Task input:
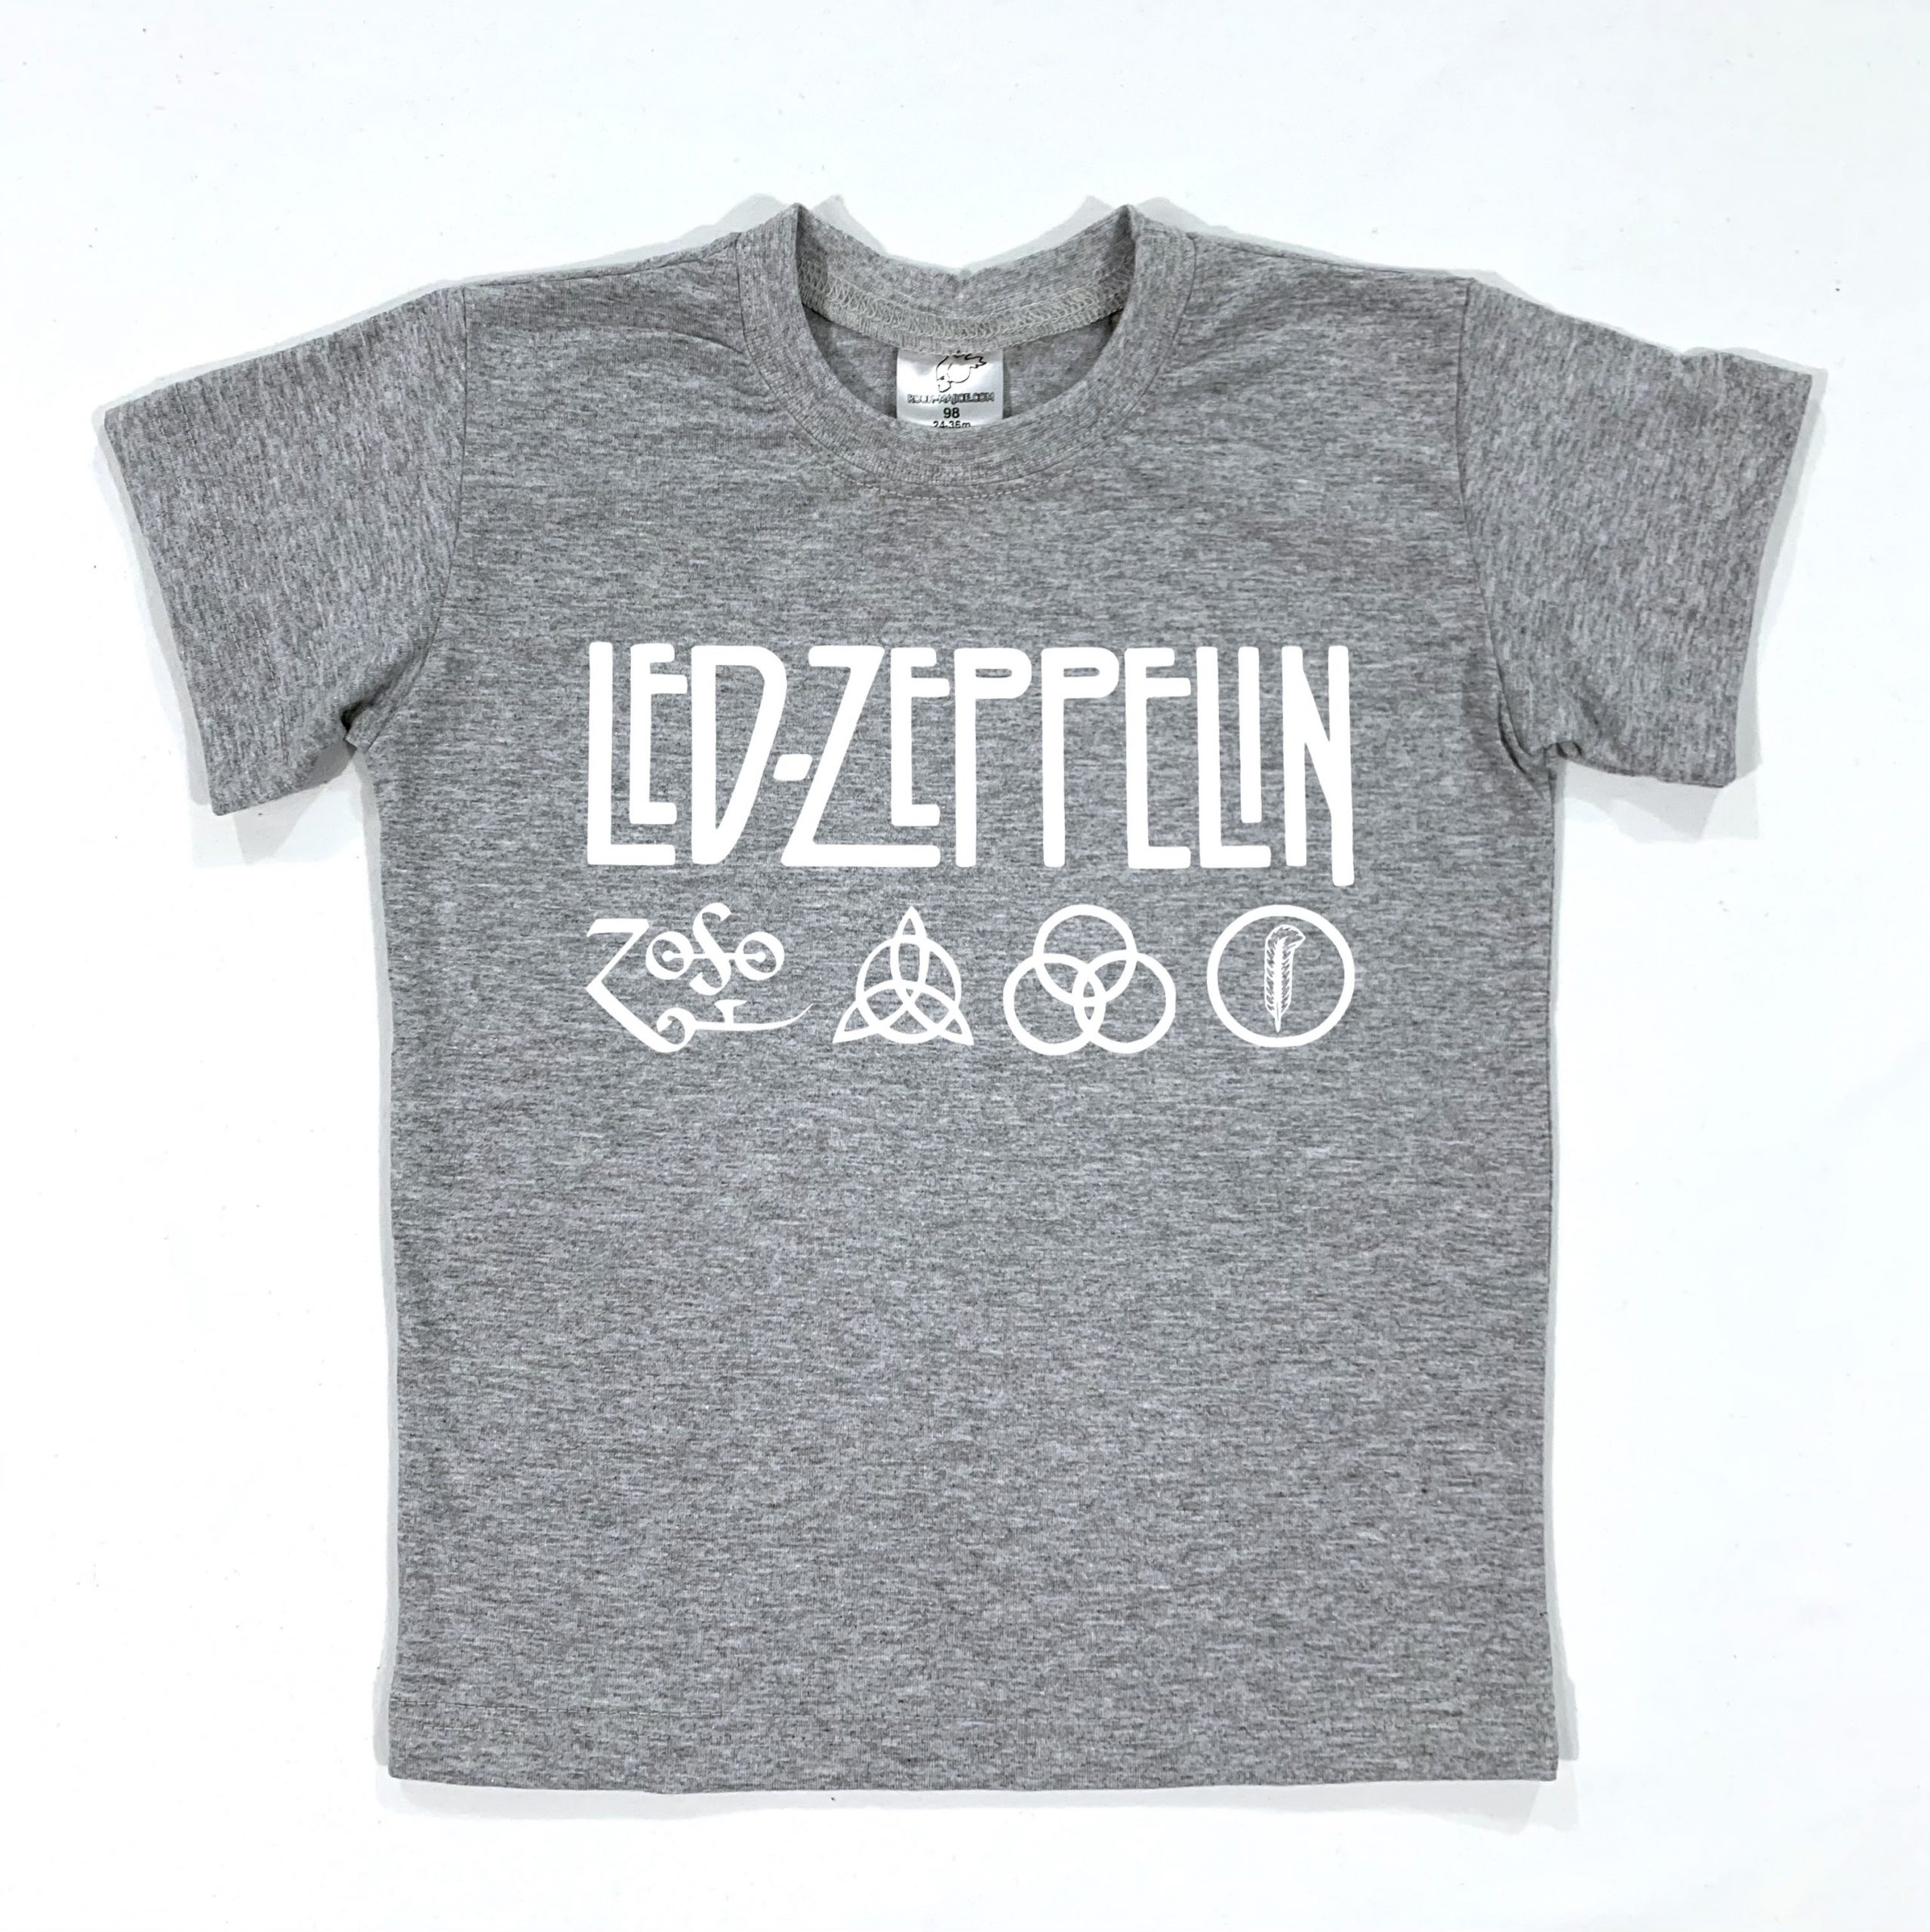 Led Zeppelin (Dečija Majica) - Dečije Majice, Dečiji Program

...

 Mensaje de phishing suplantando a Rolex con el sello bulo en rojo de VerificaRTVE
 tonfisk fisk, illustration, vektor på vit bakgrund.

--

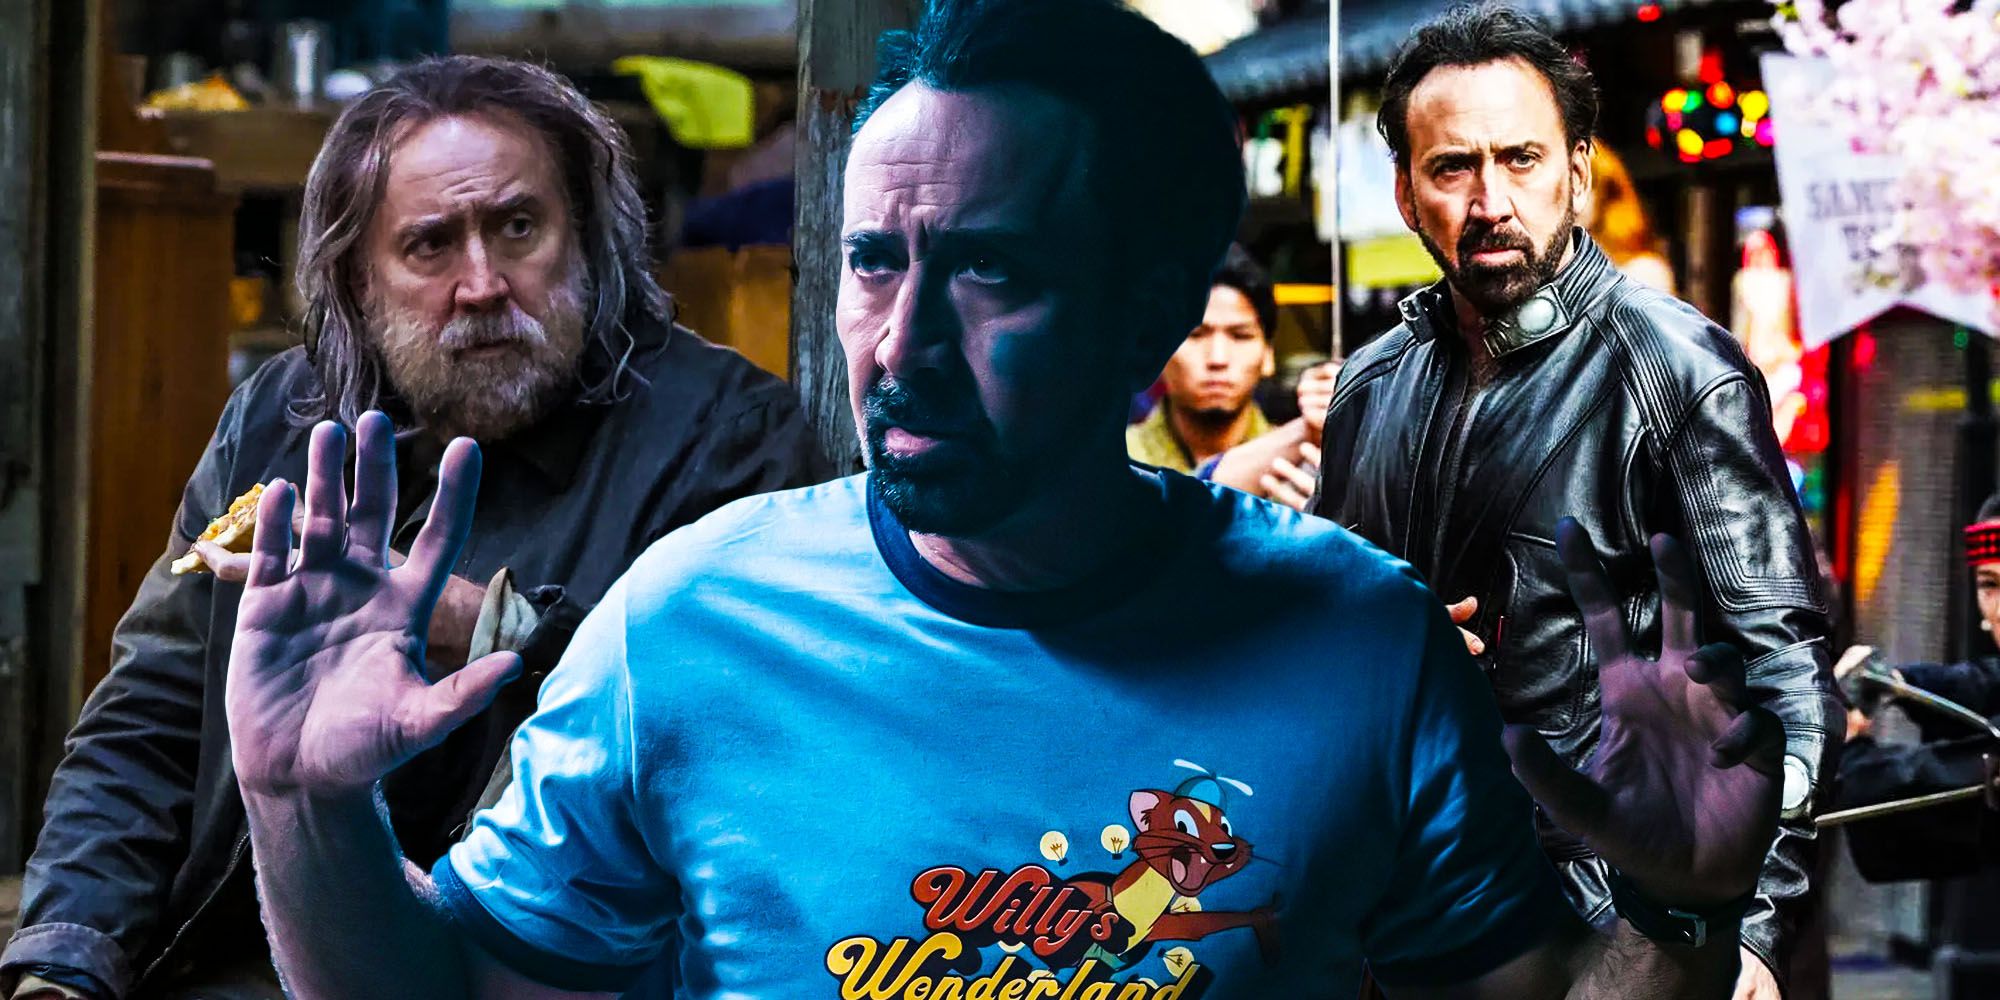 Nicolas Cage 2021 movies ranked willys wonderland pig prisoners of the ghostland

Prompt:
Reproduce exactly the lines above from the line with "Mensaje de phishing" to the line with "tonfisk fisk, illustration, vektor", including both, and add nothing.

Answer box:
 Mensaje de phishing suplantando a Rolex con el sello bulo en rojo de VerificaRTVE
 tonfisk fisk, illustration, vektor på vit bakgrund.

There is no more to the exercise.